Task instructions:
Transcribe all the entries word for word, omitting any pictures they contain.
________________________________________
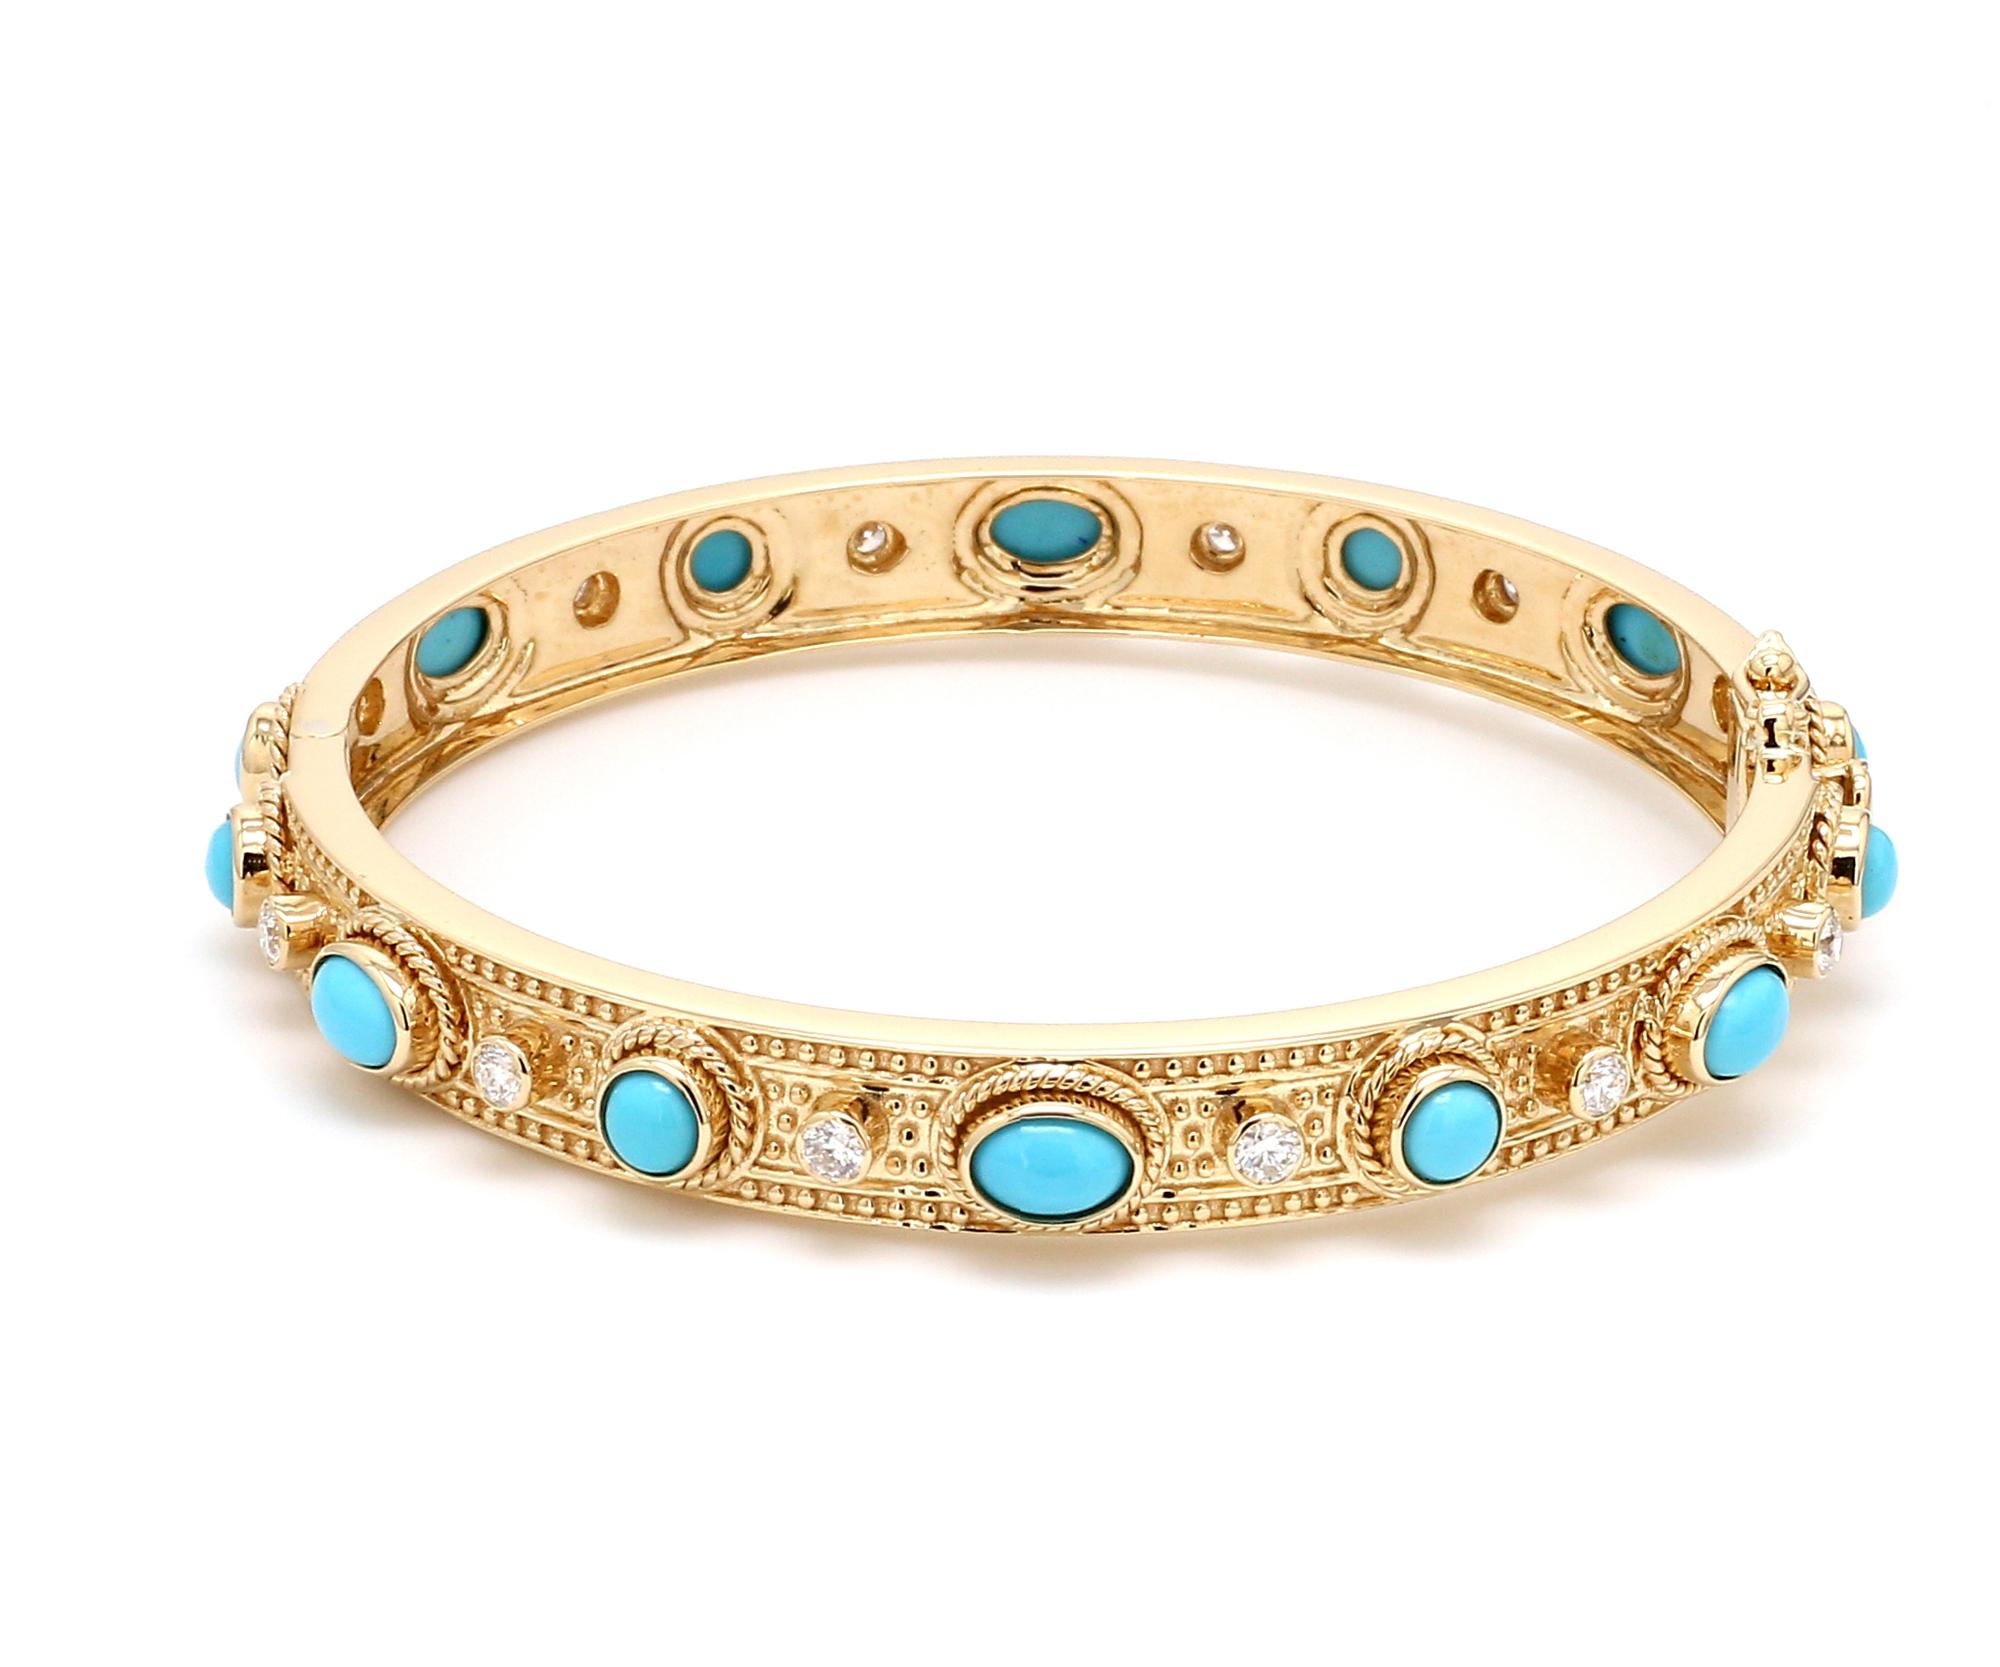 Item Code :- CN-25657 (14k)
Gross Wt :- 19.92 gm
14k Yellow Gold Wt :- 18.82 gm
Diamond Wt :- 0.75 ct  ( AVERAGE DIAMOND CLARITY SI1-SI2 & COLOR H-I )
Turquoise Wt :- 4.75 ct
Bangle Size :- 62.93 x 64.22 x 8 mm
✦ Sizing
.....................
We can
________________________________________
Solution to this task:
 Item Code :- CN-25657 (14k)
Gross Wt :- 19.92 gm
14k Yellow Gold Wt :- 18.82 gm
Diamond Wt :- 0.75 ct  ( AVERAGE DIAMOND CLARITY SI1-SI2 & COLOR H-I )
Turquoise Wt :- 4.75 ct
Bangle Size :- 62.93 x 64.22 x 8 mm
✦ Sizing
.....................
We can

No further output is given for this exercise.